Кроме того, депортированные калмыки часто стремились сообща строить бараки, которые, по устным свидетельствам, были «неказистыми»: «Они у нас, калмыки, жили за речкой — „Шанхай". Дома были очень низенькими, и они строили бараками» (Е. И. Симонова). Интересно, что старожилы не говорили об обособлении немцев и украинцев, которые не стремились отселяться от русских.
Закреплению расселения по этническому принципу внутри сел способствовали и такие устойчивые этнические константы, как бытовая и праздничная культура. Так, жители Урожайного вспоминают, что «армяне свои круга танцевали, молдаване - свои... а калмыки ходили по защитке» (М. Д. Кожемякина). В результате политика принудительного расселения фактически завершилась в алтайской деревне дифференциацией ряда народов по этническим районам и краям поселений.

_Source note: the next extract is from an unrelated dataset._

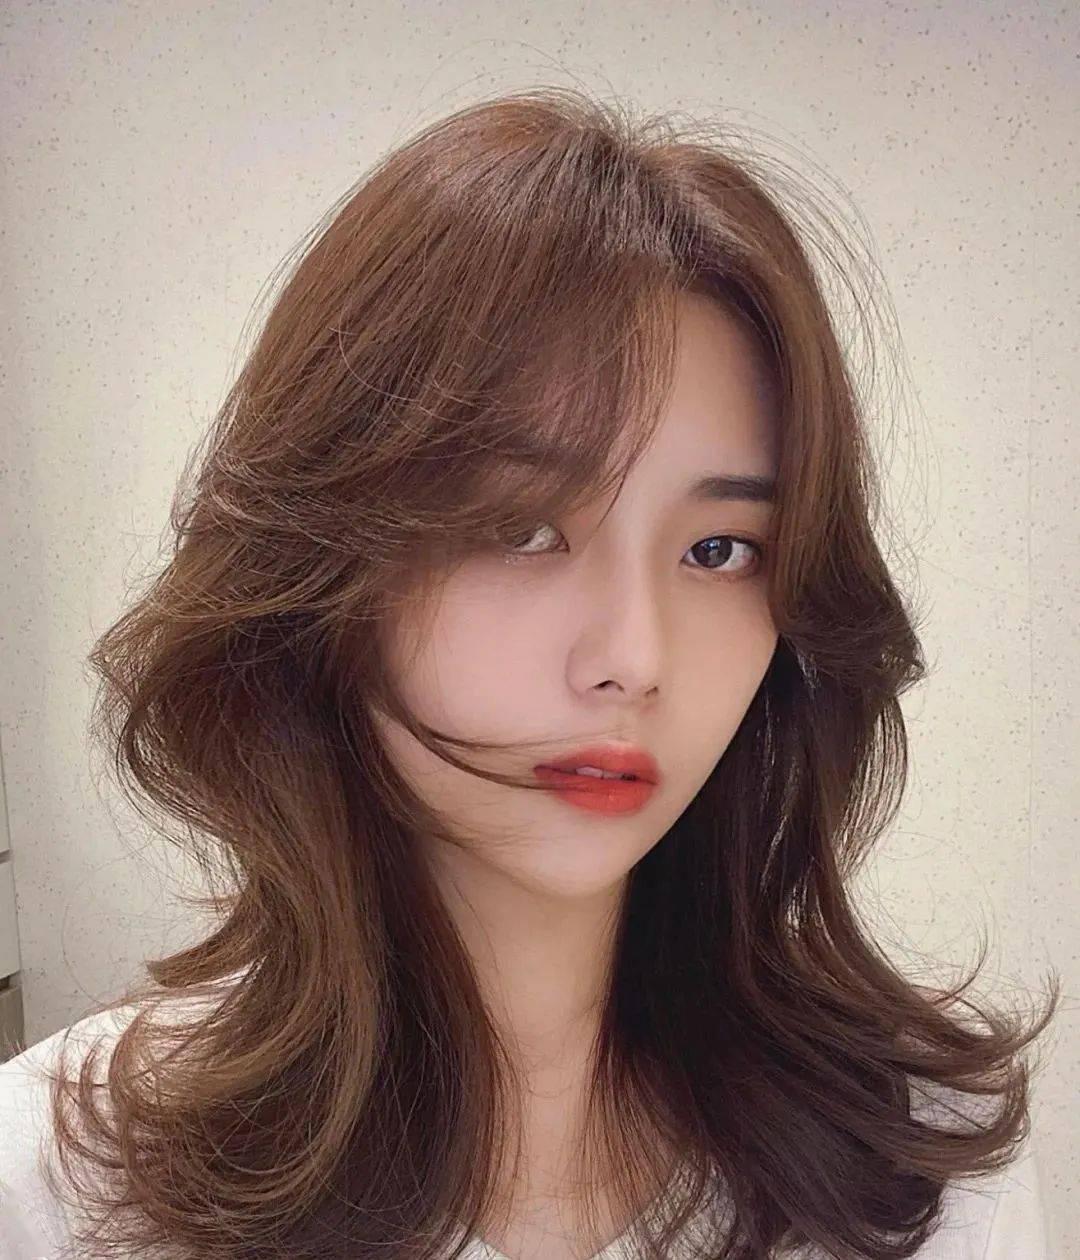 """Tóc xoăn """"đuôi ca"""": Kiểu tóc hết phe tóc dài đến tóc ngắn đều mê - Ảnh 3."""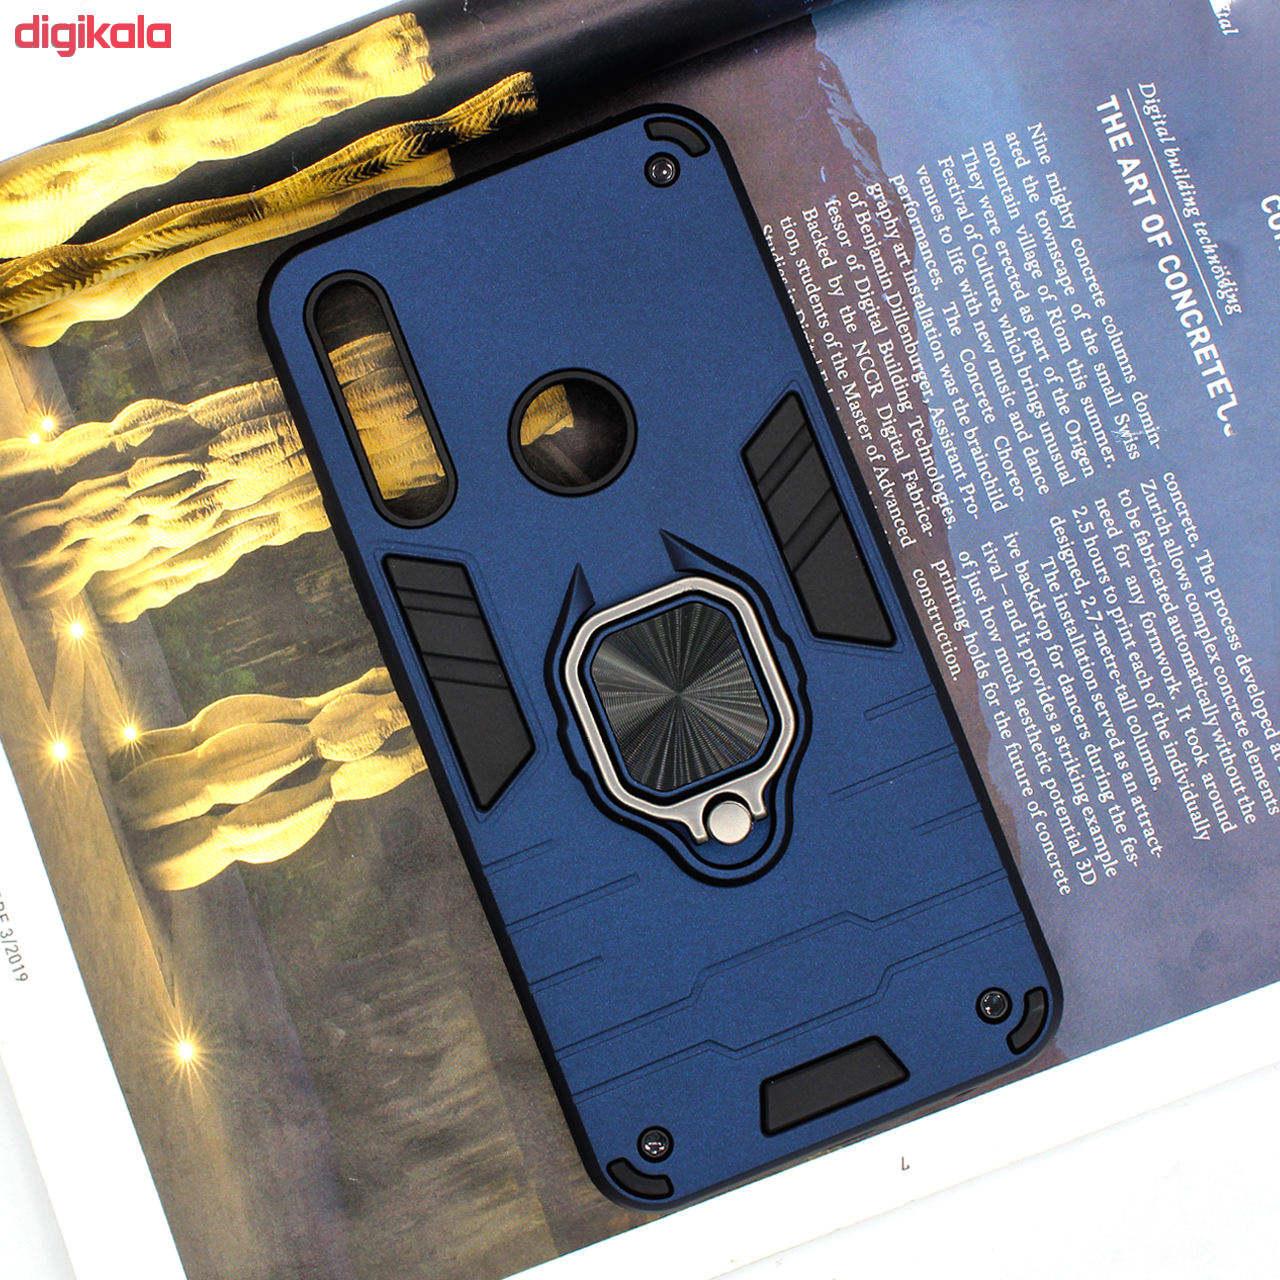 کاور کینگ پاور مدل ASH22 مناسب برای گوشی موبایل هوآوی P30 Lite main 1 10

В основе адаптации этнических переселенцев на новом месте лежала этносоциальная память депортантов, свойственная тому народу, к которому они принадлежали. Как об этом пишет знаток биографического метода Е. Ю. Мещерякова, «неосознанность подчинению определенным социальным правилам в повседневной жизни отражает парадоксальную структуру субъективных действий. Человек выражает в своих действиях больше смысла, чем субъективно полагает» [4, с. 7]. В этом смысле устные источники являются базой для изучения ментальности (как «способности психики индивида»), этнических представителей в поликультурной среде или в условиях дисперсного расселения и форм их социального поведения.